Patent vitellointestinal duct with prolapse of inverted loop of small intestine: a case report
Journal of Medical Case Reports volume 1, Article number: 49 (2007)
A wide variety of anomalies may occur as a result of the vitellointestinal duct (VID) failing to obliterate completely. Most reports on symptomatic VID focus on Meckel's diverticulum, while other anomalies are given little attention. We report a case of a baby of five months who had an intestinal loop inverted through a patent VID. The inverted loop was reduced and ileostomy was done which was closed after 6 weeks.
The midgut enlarges rapidly during the first 5 weeks of gestation and becomes too large for the abdominal cavity; subsequently, it is herniated into the umbilical cord. The apex of the herniated midgut is continuous with the vitellointestinal duct and the yolk sac. The axis of the herniated midgut is formed by the superior mesenteric artery. At approximately the 10th week of gestation, the midgut begins its return into the abdominal cavity. This return occurs by a highly complex developmental process, and as a result, numerous anomalies of the bowel may ensue. These include bowel atresias and stenoses, abnormalities of the vitellointestinal duct, failure of ceacal descent, malrotation, malfixation, reversed bowel rotation and exomphalos.
5 months old male child came with unusual red colored 'Y' shaped loop emerging from the anterior abdominal wall with absent umbilicus. The parents reported that the baby had a small opening in the umbilicus since birth which discharged a sticky greenish material in very small quantity. The child was suffering from cough since 4 days leading to protrusion of the red colored mass from the umbilicus which was small initially but grew over these 4 days till it became carrot sized. Then a branch developed giving it a 'Y' shape.
On careful examination we found that the loop was the 'y' shaped fork (See Figure 1). One of the tips of the mass was discharging sticky greenish fluids suggestive of intestinal juices. The stem of the 'Y' shaped loop was protruding from umbilicus and fixed to the anterior abdominal wall. The loop was irreducible and bled on touch suggestive of mucosal surface.
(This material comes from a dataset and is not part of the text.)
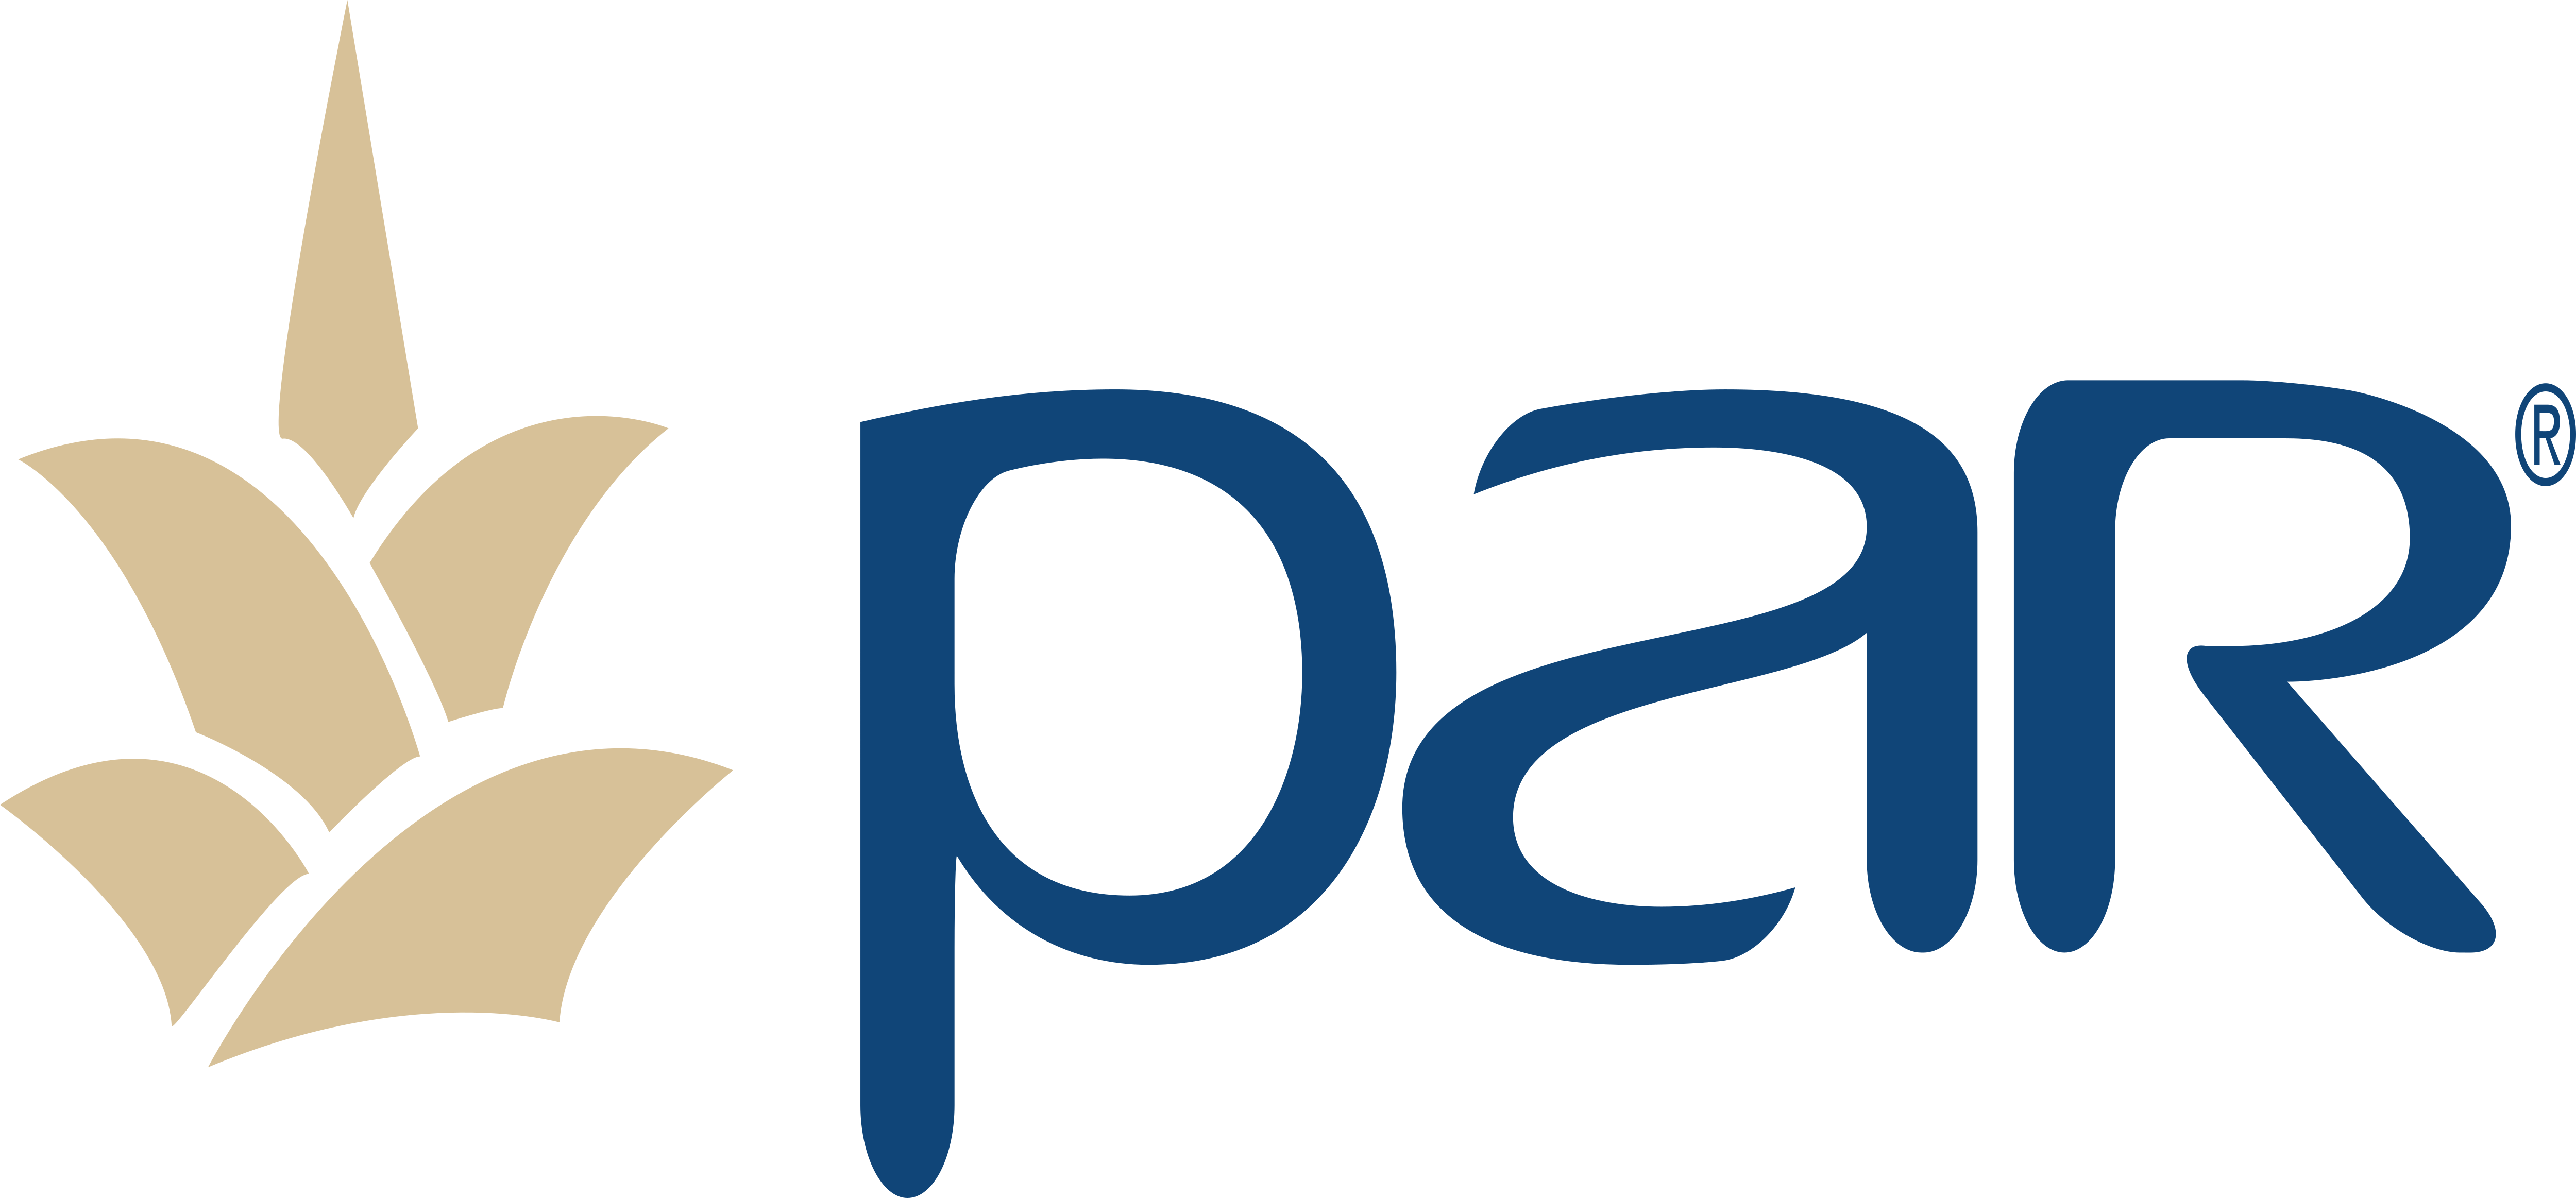 PAR Technology Corporation partner

Ultrasound examination of the abdomen was found absolutely normal. Laparotomy was performed under general anaethesia. The baby was put through a laparotomy under general anesthesia. A small transverse incision of 4 centimeters was made just below the umbilicus. The outer surface of the emerging loop was firmly adherent to all the layers of the anterior abdominal wall. It was dissected from the abdominal wall layers with the fine scissors. Two different non-adherent loops of small intestine were found entering the emerging carrot like mass (See Figure 3). The distal loop entering into the umbilicus was slowly pulled inside the peritoneal cavity with extreme delicacy to find that the outer loop was diminishing in size and finally disappeared (See Figure 4). The procedure was applied for the proximal loop also (See Figure 5). After complete reduction (See Figure 6) a defect of 2 × 2 centimeters was found in the small intestine (See Figure 2) at the point of adherence with the abdominal wall suggesting its patency with external environment through the umbilicus. We diagnosed the case as patent vitellointestinal duct. Primary resection anastomosis was not possible because of the gross edema over the loop of intestine. The loop with the defect was brought out through another incision in the abdomen at right iliac fossa as loop ileostomy. The defect of Patent VID over the abdominal wall was primarily closed the umbilicus was reconstructed. Ileostomy was closed after 6 weeks. Patient condition was followed up for about 6 months with no reports of any complications.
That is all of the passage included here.